A client of mine recently emailed me and mentioned that they lost two of their biggest clients.
There is a “dangerous” sales number that you need to know about.
It’s the number one. Let me explain.
The sales rep in charge of the accounts had no idea why this happened. His relationship with both organizations was good, and the clients seemed happy with their work.
Upon further investigation, we realized an important commonality between these two accounts. In both instances, the rep had an established relationship with only one decision-maker.
Is this starting to make sense?
In the first organization, the decision-maker retired, having his son step in. And, in the second, the decision-maker moved on to another company.

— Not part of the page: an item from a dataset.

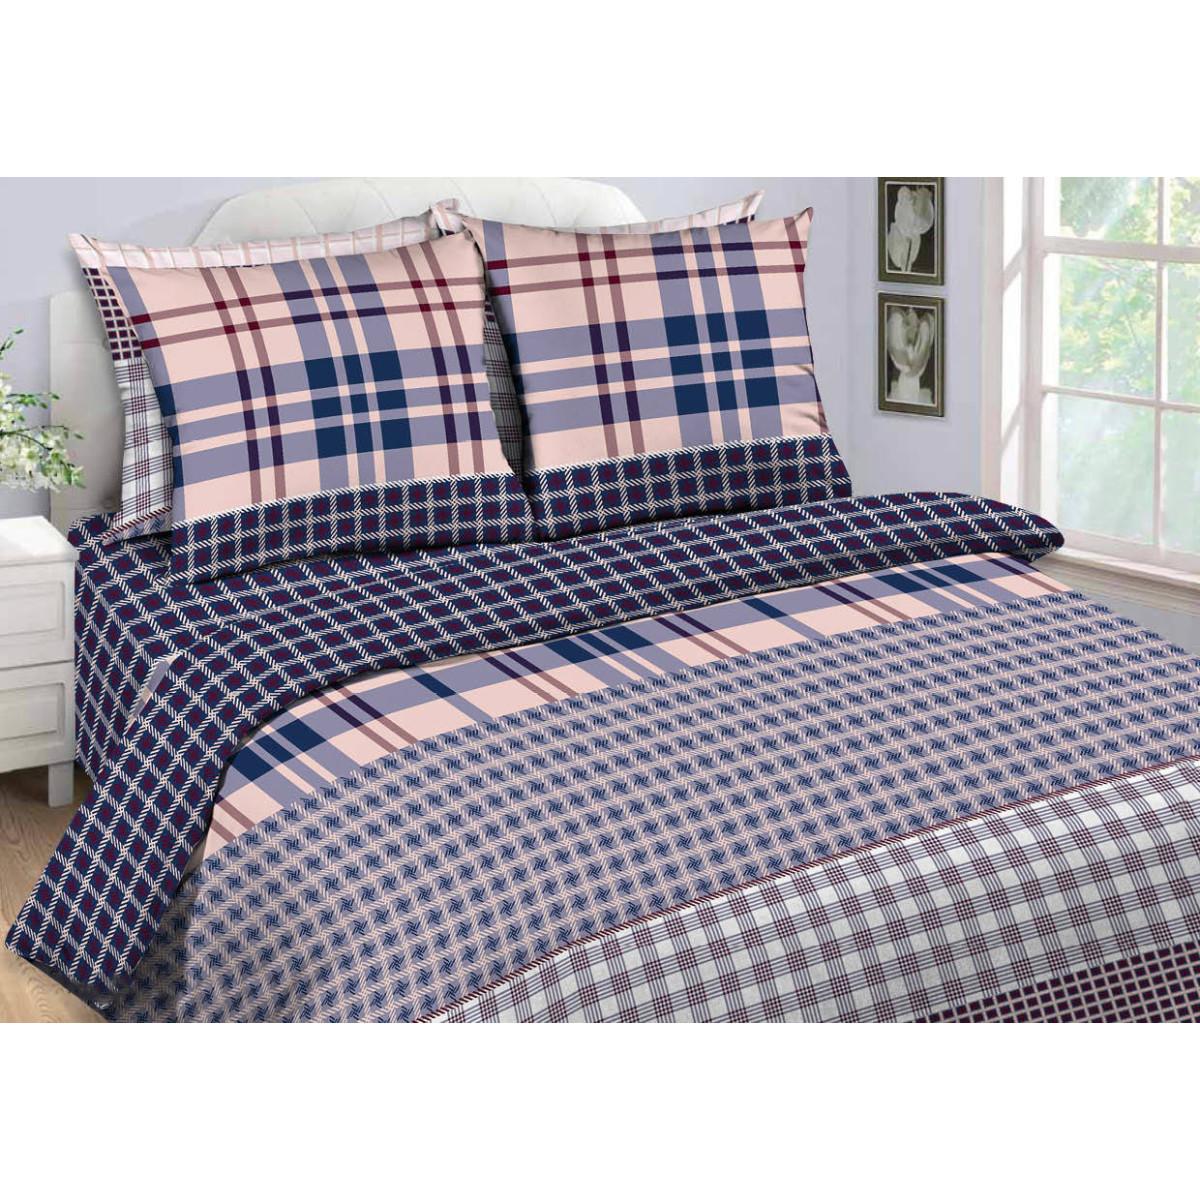 Комлплект постельного белья двуспальный «Нежный штрих» бязь 70x70 см

In both organizations, the rep assumed that his rapport and relationship with the single individuals meant rapport and a relationship with the entire organization.
As he found out (the hard way), he was wrong! In both instances, the new decision-makers brought in their trusted associations to take over the rep’s services.
One is the most dangerous number in sales!
In each of your accounts, you must have multiple points of contact and relationships. You must make it so that a network of contacts within an organization can vouch for your product or service, so that when shifts occur (as they inevitably do), you’re not finding yourself in a similar situation.
You want to be able to have other members of the organization say “We can’t get rid of them! They do amazing work!”
Beyond just this, you should also have an idea of who likely successors are in decision-making roles. Had this particular sales rep known that his client’s son was “next in line” and the change was incoming, he could’ve proactively worked to establish that relationship ahead of time.
We all want to be number one. But, in sales, one can be the most dangerous number.